Литмир - Электронная Библиотека
Содержание  
A
A

Будь харагк единственными врагами Аквелия, у него все еще были бы причины благодарить судьбу, но как раз в этот момент решил заявить о себе давний недруг на юге: потомки аанов из войска того самого Брейгеля, который вынудил Мэнзикерта I подняться вверх по реке. Привлеченные массовым уходом аанов на богатые окраины Амбры, эти брейгелиты, как они себя называли, начали устраивать бесчинства на юге. И по вполне понятной причине: они негодовали на потерю потенциального людского ресурса, особенно когда их самих подпирали с юга Серые племена. В свете возможного голода еще больший ущерб нанесло то, что брейгелиты развязали торговую, а не военную войну, с которой хотя бы можно было быстро покончить. Их оружием стали транзитные пошлины на амбрские товары, непомерные налоги на продукцию, перевозимую вдоль берегов Моли на Южные острова, и опиравшиеся на крупные, хорошо вооруженные гарнизоны[75].

Со временем Аквелий найдет способ натравить друг на друга харагк и брейгелитов, тем самым сведя на нет и эту угрозу Амбре[76], но, когда приближался сезон добычи пресноводного кальмара, Аквелий еще не мог знать, что его подкупы и политические маневры принесут плоды. А потому он издал судьбоносный указ, что в этом году в охоте примут участье втрое больше против обычного кораблей. Он намеревался возместить недостаток сельскохозяйственной продукции мясом кальмара и скопить достаточно припасов, чтобы выдержать осаду или брейгелитов, или харагк[77]. На случай, если осада не состоится, этот провиант мог бы прокормить постоянный приток иммигрантов. Так уж совпало, что маневры при ловле кальмара требовали отваги и умения много больших, чем во время настоящей войны, и потому Аквелий намеревался заново закалить свой флот.

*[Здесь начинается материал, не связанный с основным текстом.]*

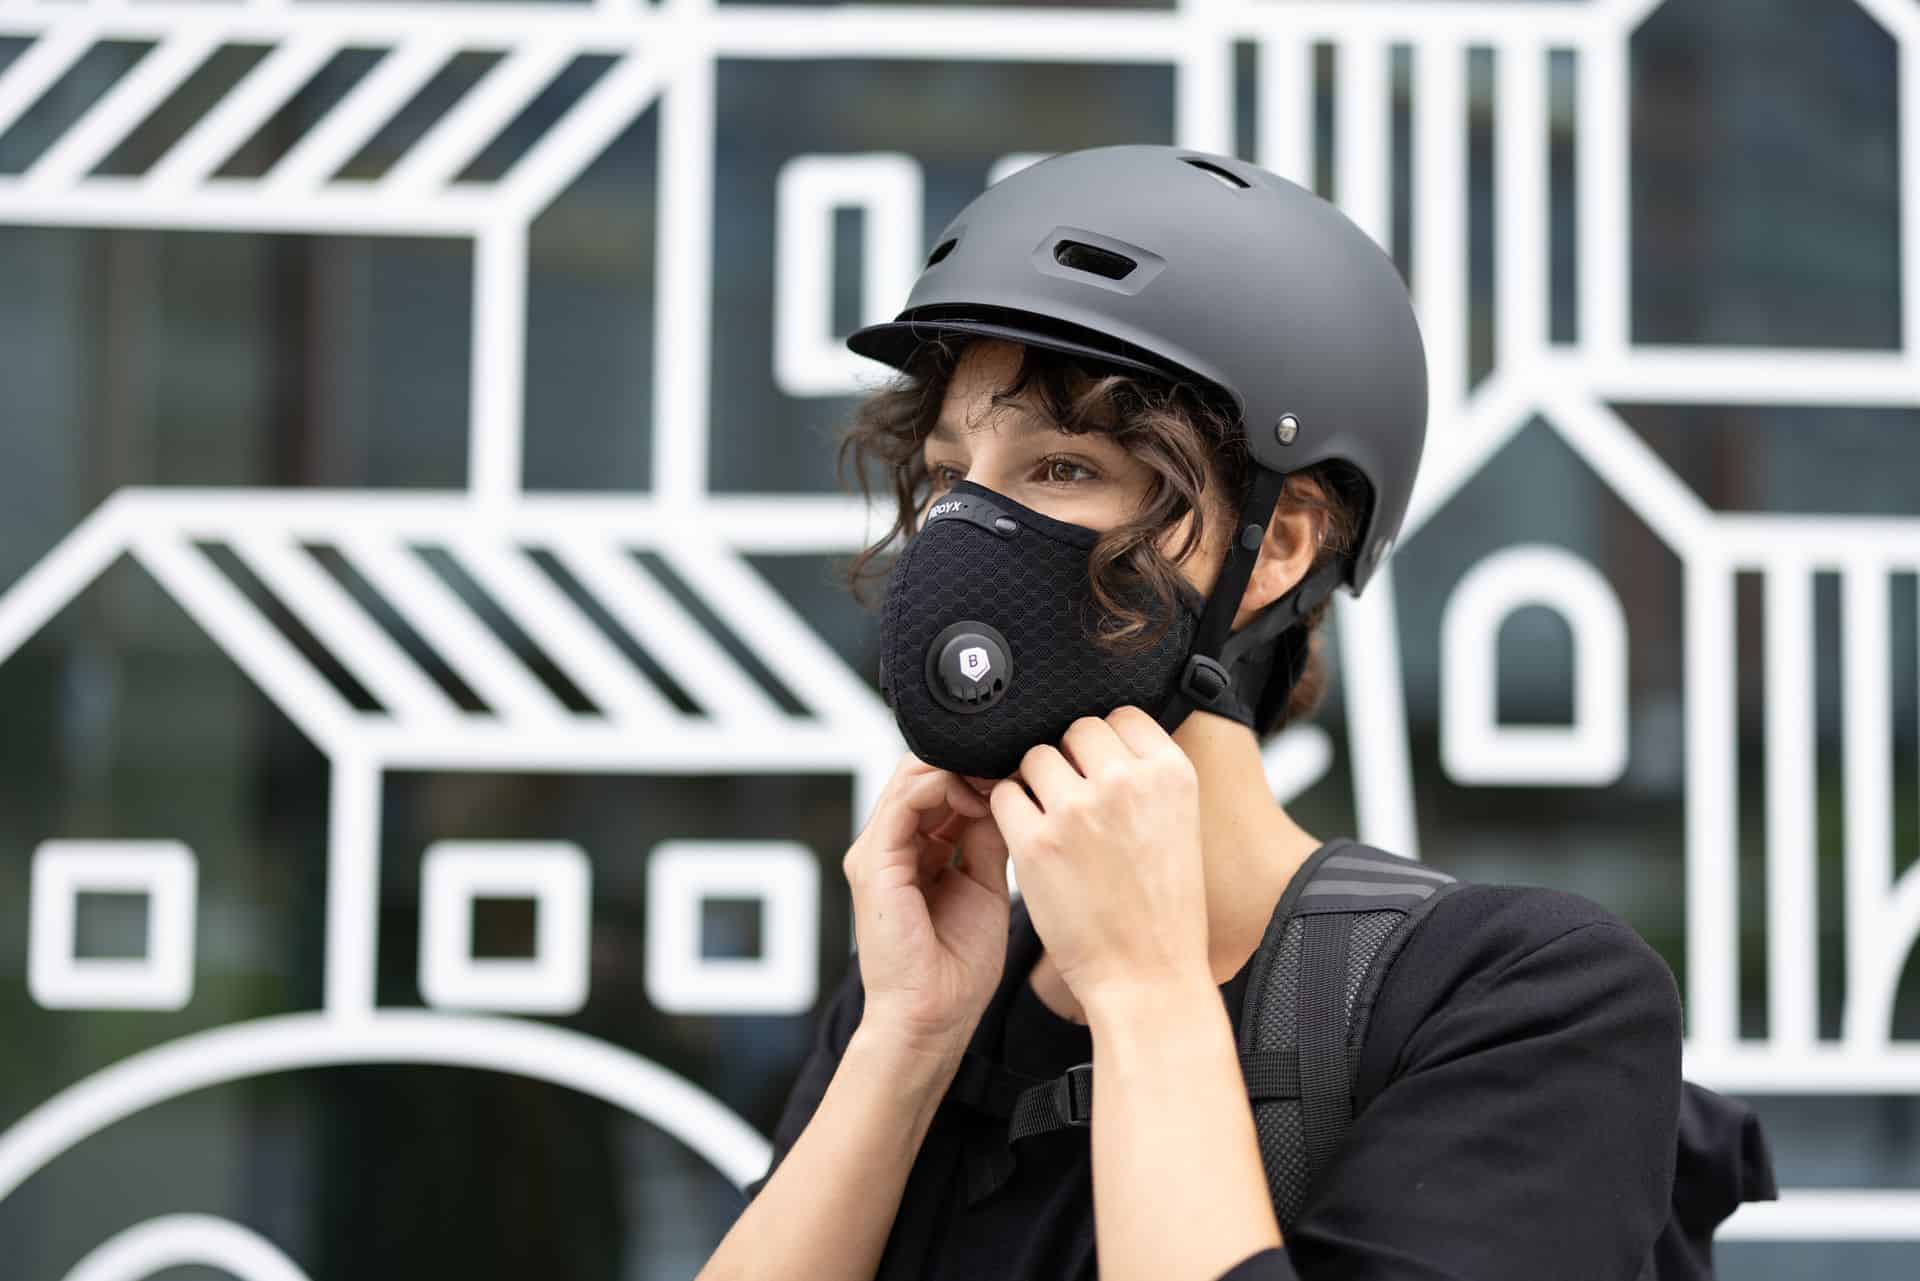 Maska antysmogowa z dobrym filtrem. Która chroni najlepiej przed zanieczyszczeniami?

В назначенное время Аквелий во главе почти пяти тысяч мужчин и женщин отчалил со ста кораблями[78]. Они собирались отсутствовать две недели, самый долгий срок, на который, по мнению Аквелия, он мог без опасений покинуть столицу. Его молодая жена осталась дома. Никакие два поворота судьбы: решение Ирены остаться дома и огромный размер вышедшего на охоту в южные воды флота, не могли бы оказать большего влияния на Амбру на заре ее истории.

III

Обращаясь к Безмолвию, историку следует проявлять крайнюю осторожность, ибо чудовищность события требует уважения. Но когда означенный историк (в данном случае я) берется объяснять Безмолвие для серии пустячных брошюр, серьезности от него требуется больше в прямой пропорции к фривольности сопутствующей информации. Мне представляется неприемлемым, что ты, читатель, пролистаешь (какое огорчительно пустое слово!) эту и возьмешься за другую брошюру, где речь, возможно, пойдет о «лучших маскарадных костюмах для Празднества Пресноводного Кальмара» или о том, «где раздобыть проститутку», и ничто так и не подвигнет тебя осознать ужасные последствия События. Мне нет нужды ударяться в мелодраму красот, ибо факты должны сами говорить за себя: «По возвращении Аквелий нашел город пустым, и ни одной души было не сыскать ни на одном его проспекте или бульваре, ни в одном переулке, ни в одном из многочисленных жилых домов, общественных зданий или дворов».

Корабли Аквелия причалили в порту, где единственным звуком был шорох волн о сваи. Прибыв рано утром, спеша вернуться в самим собой назначенный двухнедельный срок, капан застал город в лучах слабой зари, увитый наползавшим с реки туманом. Картина, должно быть, была призрачная — и, возможно, даже пугающая.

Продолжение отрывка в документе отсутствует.